New York, New York, September 13, 2022 / PRNewswire / – Terra Income Fund 6, Inc. (NYSE:TFSA) (the “Company”) today announced that at the special meeting of stockholders held on September 12, 2022, conducted by means of a virtual meeting held live over the internet, its stockholders approved (i) the merger (the “Merger”) of the Company with and into Terra Merger Sub, LLC (“Merger Sub”), a Delaware limited liability company and a wholly owned subsidiary of Terra Property Trust, Inc. (NYSE:TPTA) (“TPT”), (ii) the amendment of the Company’s charter to remove certain substantive and procedural protections on “Roll-Up Transactions” necessary to facilitate the Merger, and (iii) the Company’s withdrawal of its election to be regulated as a Business Development Company under the Investment Company Act of 1940, as amended. The Merger is expected to close on or about October 1, 2022, subject to customary closing conditions.

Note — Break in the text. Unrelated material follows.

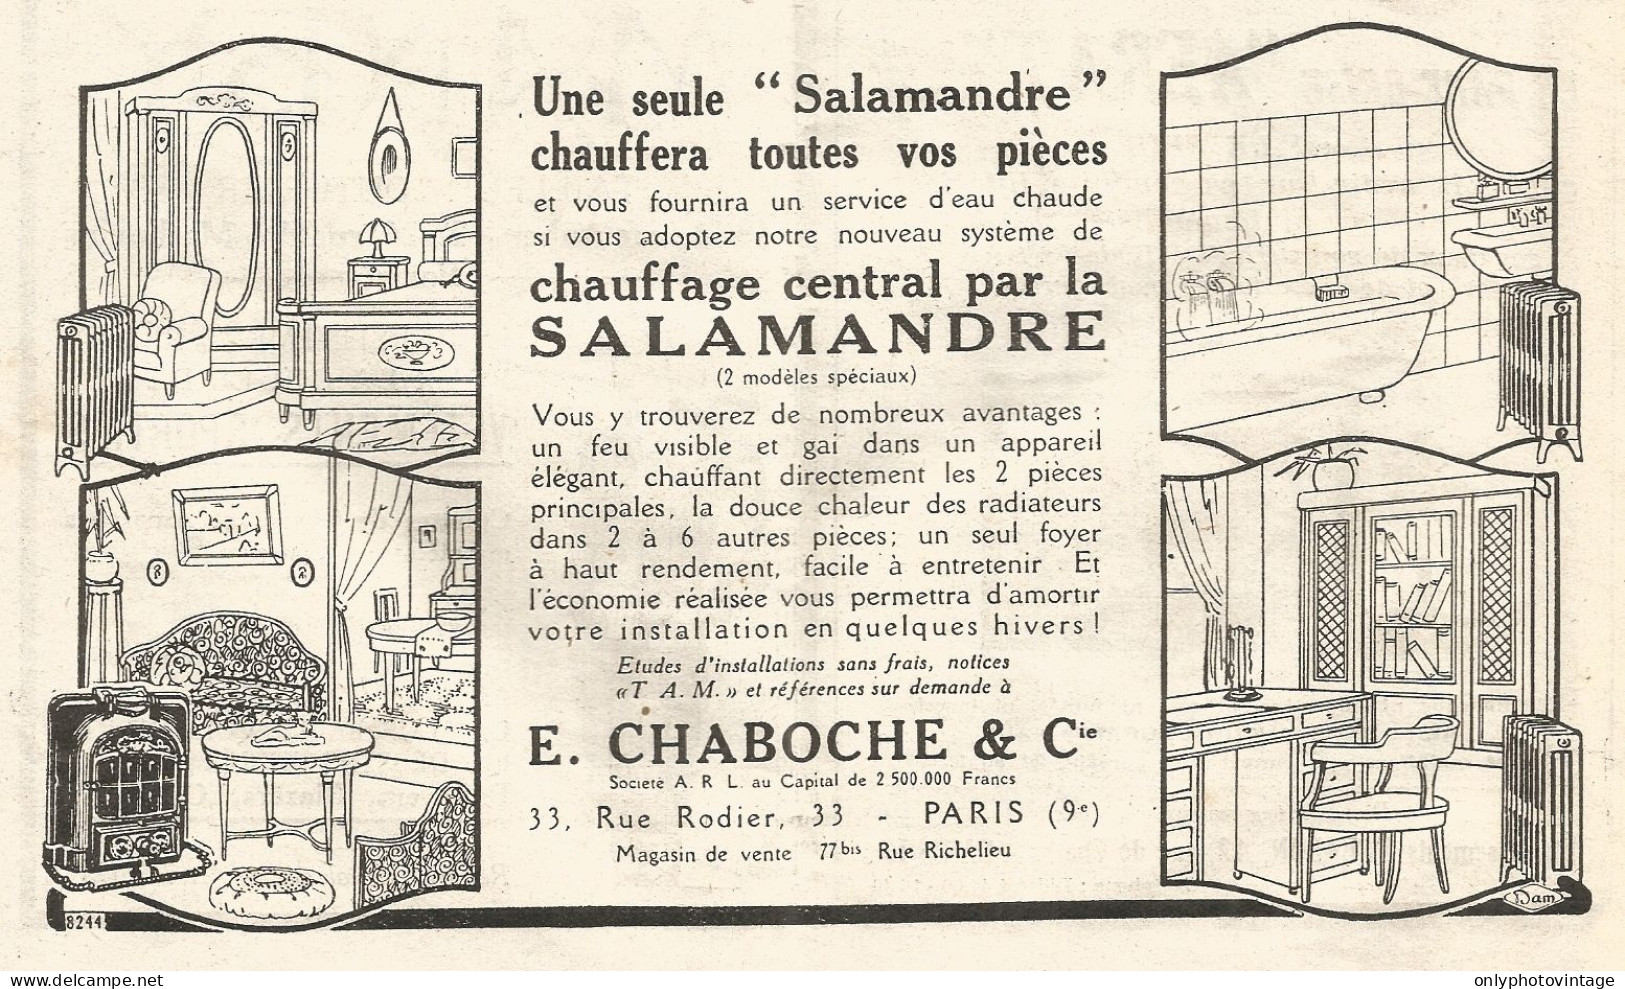 Riscaldamento Centralizzato SALAMANDRE - Pubblicitï¿½ Del 1926 - Old Advert - Advertising

As a result of the Merger, each outstanding share of the Company’s common stock, par value $0.001 per share, will be automatically cancelled and converted into the right to receive: (i) 0.595 shares (as such exchange ratio may be adjusted in accordance with the Merger documents) of the newly designated Class B Common Stock, par value $0.01 per share, of TPT (“TPT Class B Common Stock”), and (ii) cash consideration in lieu of any fractional shares of TPT Class B Common Stock otherwise issuable in an amount, rounded to the nearest whole cent, determined by multiplying (x) the fraction of a share of TPT Class B Common to which such holder would otherwise be entitled by (y) $14.38.

The shares of TPT Class B Common Stock issued in the Merger will, except as discussed below with respect to conversion, have identical preferences, rights, powers, restrictions and terms as each other share of TPT’s common stock. On the 180th calendar day (or, if such date is not a business day, the next business day) after the date of initial listing on a national securities exchange of shares of TPT’s Class A Common Stock, $0.01 par value per share (“TPT Class A Common Stock”), or such earlier date (the “First Conversion Date”) as approved by the board of directors of TPT (the “TPT Board”), one-third of the issued and outstanding shares of TPT Class B Common Stock will automatically convert into an equal number of shares of TPT Class A Common Stock. On the 365th calendar day (or, if such date is not a business day, the next business day) after the date of initial listing on a national securities exchange of shares of TPT Class A Common Stock or such earlier date following the First Conversion Date as approved by the TPT Board (the “Second Conversion Date”), one-half of the issued and outstanding shares of Class B Common Stock will automatically convert into an equal number of shares of TPT Class A Common Stock. On the 545th calendar day (or, if such date is not a business day, the next business day) after the date of initial listing on a national securities exchange of shares of Class A Common Stock or such earlier date following the Second Conversion Date as approved by the TPT Board, all of the issued and outstanding shares of TPT Class B Common Stock will automatically convert into an equal number of shares of TPT Class A Common Stock.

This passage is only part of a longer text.